**Task details:** Starting with the first line of the data that follows, transcribe every line verbatim until the line containing "All Natural Self" has been transcribed.

Dataset excerpts
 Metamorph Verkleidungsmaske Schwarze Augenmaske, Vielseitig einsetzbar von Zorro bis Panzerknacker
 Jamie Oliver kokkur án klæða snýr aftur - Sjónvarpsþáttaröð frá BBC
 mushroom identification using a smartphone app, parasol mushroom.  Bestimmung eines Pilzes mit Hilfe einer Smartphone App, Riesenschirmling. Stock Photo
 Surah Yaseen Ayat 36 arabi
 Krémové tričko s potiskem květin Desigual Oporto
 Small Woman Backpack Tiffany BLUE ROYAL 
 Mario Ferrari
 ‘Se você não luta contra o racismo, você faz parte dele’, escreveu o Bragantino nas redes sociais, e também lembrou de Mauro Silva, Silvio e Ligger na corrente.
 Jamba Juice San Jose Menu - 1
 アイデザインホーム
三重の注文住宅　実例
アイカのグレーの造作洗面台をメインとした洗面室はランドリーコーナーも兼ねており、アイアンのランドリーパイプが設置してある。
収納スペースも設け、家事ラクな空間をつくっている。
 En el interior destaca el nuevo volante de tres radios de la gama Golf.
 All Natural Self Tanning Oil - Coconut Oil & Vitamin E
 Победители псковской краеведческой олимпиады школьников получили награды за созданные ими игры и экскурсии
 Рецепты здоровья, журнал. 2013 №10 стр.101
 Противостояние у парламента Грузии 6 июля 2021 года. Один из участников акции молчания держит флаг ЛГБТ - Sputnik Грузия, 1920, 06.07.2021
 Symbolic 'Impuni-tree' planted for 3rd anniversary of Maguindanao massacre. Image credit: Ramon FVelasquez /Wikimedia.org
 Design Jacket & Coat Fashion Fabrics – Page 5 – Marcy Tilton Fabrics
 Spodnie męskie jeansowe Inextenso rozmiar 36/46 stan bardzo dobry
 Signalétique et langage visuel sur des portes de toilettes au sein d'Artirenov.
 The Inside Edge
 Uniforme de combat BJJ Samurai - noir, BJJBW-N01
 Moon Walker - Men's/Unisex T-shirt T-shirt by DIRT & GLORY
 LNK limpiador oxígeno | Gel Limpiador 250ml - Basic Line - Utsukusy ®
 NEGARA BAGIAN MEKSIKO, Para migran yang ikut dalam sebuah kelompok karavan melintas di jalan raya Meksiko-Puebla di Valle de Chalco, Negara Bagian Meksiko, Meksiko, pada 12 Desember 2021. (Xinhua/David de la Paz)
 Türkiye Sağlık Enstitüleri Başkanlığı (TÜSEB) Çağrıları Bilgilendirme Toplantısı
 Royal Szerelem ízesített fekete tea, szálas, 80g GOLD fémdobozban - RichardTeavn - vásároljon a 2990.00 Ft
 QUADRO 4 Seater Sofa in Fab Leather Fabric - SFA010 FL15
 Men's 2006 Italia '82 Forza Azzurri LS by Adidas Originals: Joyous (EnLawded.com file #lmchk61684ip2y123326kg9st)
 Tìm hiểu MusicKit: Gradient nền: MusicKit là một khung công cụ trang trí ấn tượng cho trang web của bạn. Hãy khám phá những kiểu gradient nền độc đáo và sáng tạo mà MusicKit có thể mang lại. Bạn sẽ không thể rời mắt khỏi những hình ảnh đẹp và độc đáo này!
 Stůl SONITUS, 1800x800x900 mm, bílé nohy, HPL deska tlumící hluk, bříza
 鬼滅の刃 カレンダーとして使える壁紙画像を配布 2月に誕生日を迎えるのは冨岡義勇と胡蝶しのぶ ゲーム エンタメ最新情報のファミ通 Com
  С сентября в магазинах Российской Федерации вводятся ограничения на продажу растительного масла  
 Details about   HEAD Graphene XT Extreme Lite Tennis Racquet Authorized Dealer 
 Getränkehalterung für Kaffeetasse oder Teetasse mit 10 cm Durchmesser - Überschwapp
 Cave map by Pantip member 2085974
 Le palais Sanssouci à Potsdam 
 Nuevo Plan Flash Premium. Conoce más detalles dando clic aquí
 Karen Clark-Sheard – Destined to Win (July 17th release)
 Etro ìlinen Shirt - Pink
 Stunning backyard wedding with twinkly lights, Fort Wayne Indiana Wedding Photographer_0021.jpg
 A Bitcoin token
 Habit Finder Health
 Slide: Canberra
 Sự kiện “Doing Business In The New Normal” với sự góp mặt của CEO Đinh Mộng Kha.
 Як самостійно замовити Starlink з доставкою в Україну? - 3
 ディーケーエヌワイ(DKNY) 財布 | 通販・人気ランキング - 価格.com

**Solution:**
 Metamorph Verkleidungsmaske Schwarze Augenmaske, Vielseitig einsetzbar von Zorro bis Panzerknacker
 Jamie Oliver kokkur án klæða snýr aftur - Sjónvarpsþáttaröð frá BBC
 mushroom identification using a smartphone app, parasol mushroom.  Bestimmung eines Pilzes mit Hilfe einer Smartphone App, Riesenschirmling. Stock Photo
 Surah Yaseen Ayat 36 arabi
 Krémové tričko s potiskem květin Desigual Oporto
 Small Woman Backpack Tiffany BLUE ROYAL 
 Mario Ferrari
 ‘Se você não luta contra o racismo, você faz parte dele’, escreveu o Bragantino nas redes sociais, e também lembrou de Mauro Silva, Silvio e Ligger na corrente.
 Jamba Juice San Jose Menu - 1
 アイデザインホーム
三重の注文住宅　実例
アイカのグレーの造作洗面台をメインとした洗面室はランドリーコーナーも兼ねており、アイアンのランドリーパイプが設置してある。
収納スペースも設け、家事ラクな空間をつくっている。
 En el interior destaca el nuevo volante de tres radios de la gama Golf.
 All Natural Self Tanning Oil - Coconut Oil & Vitamin E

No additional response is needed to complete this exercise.